Data supplied:
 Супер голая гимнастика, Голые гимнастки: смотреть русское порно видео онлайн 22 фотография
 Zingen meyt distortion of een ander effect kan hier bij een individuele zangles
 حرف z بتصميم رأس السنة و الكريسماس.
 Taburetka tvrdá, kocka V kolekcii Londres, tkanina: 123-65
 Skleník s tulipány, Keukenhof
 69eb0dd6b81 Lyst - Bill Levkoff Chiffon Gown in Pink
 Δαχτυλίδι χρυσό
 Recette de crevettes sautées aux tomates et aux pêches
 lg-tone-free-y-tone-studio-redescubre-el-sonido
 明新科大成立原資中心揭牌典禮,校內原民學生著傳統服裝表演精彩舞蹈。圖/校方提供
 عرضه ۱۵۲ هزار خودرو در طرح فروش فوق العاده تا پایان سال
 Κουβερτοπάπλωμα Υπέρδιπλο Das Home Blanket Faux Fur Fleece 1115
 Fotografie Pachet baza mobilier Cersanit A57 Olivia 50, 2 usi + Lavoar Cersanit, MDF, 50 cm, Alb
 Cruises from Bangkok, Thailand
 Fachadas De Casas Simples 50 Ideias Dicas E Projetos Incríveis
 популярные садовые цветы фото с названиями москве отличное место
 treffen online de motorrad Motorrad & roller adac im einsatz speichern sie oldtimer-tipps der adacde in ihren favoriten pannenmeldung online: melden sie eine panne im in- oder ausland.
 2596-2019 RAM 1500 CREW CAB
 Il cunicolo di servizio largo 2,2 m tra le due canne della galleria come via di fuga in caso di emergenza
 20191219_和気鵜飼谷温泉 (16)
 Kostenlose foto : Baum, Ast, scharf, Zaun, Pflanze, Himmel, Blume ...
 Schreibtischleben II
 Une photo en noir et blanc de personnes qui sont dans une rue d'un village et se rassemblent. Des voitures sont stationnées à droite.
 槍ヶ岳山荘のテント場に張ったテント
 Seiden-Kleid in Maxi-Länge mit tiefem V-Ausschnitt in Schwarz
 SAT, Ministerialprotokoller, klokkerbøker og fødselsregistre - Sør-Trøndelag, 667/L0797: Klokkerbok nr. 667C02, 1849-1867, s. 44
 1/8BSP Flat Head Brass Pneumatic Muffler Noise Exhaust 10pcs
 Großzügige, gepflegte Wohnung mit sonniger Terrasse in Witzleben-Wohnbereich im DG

Task: Provide an exact transcript of the lines from the one that holds "Fachadas De Casas" through the final line of the data above.

Problem solution:
 Fachadas De Casas Simples 50 Ideias Dicas E Projetos Incríveis
 популярные садовые цветы фото с названиями москве отличное место
 treffen online de motorrad Motorrad & roller adac im einsatz speichern sie oldtimer-tipps der adacde in ihren favoriten pannenmeldung online: melden sie eine panne im in- oder ausland.
 2596-2019 RAM 1500 CREW CAB
 Il cunicolo di servizio largo 2,2 m tra le due canne della galleria come via di fuga in caso di emergenza
 20191219_和気鵜飼谷温泉 (16)
 Kostenlose foto : Baum, Ast, scharf, Zaun, Pflanze, Himmel, Blume ...
 Schreibtischleben II
 Une photo en noir et blanc de personnes qui sont dans une rue d'un village et se rassemblent. Des voitures sont stationnées à droite.
 槍ヶ岳山荘のテント場に張ったテント
 Seiden-Kleid in Maxi-Länge mit tiefem V-Ausschnitt in Schwarz
 SAT, Ministerialprotokoller, klokkerbøker og fødselsregistre - Sør-Trøndelag, 667/L0797: Klokkerbok nr. 667C02, 1849-1867, s. 44
 1/8BSP Flat Head Brass Pneumatic Muffler Noise Exhaust 10pcs
 Großzügige, gepflegte Wohnung mit sonniger Terrasse in Witzleben-Wohnbereich im DG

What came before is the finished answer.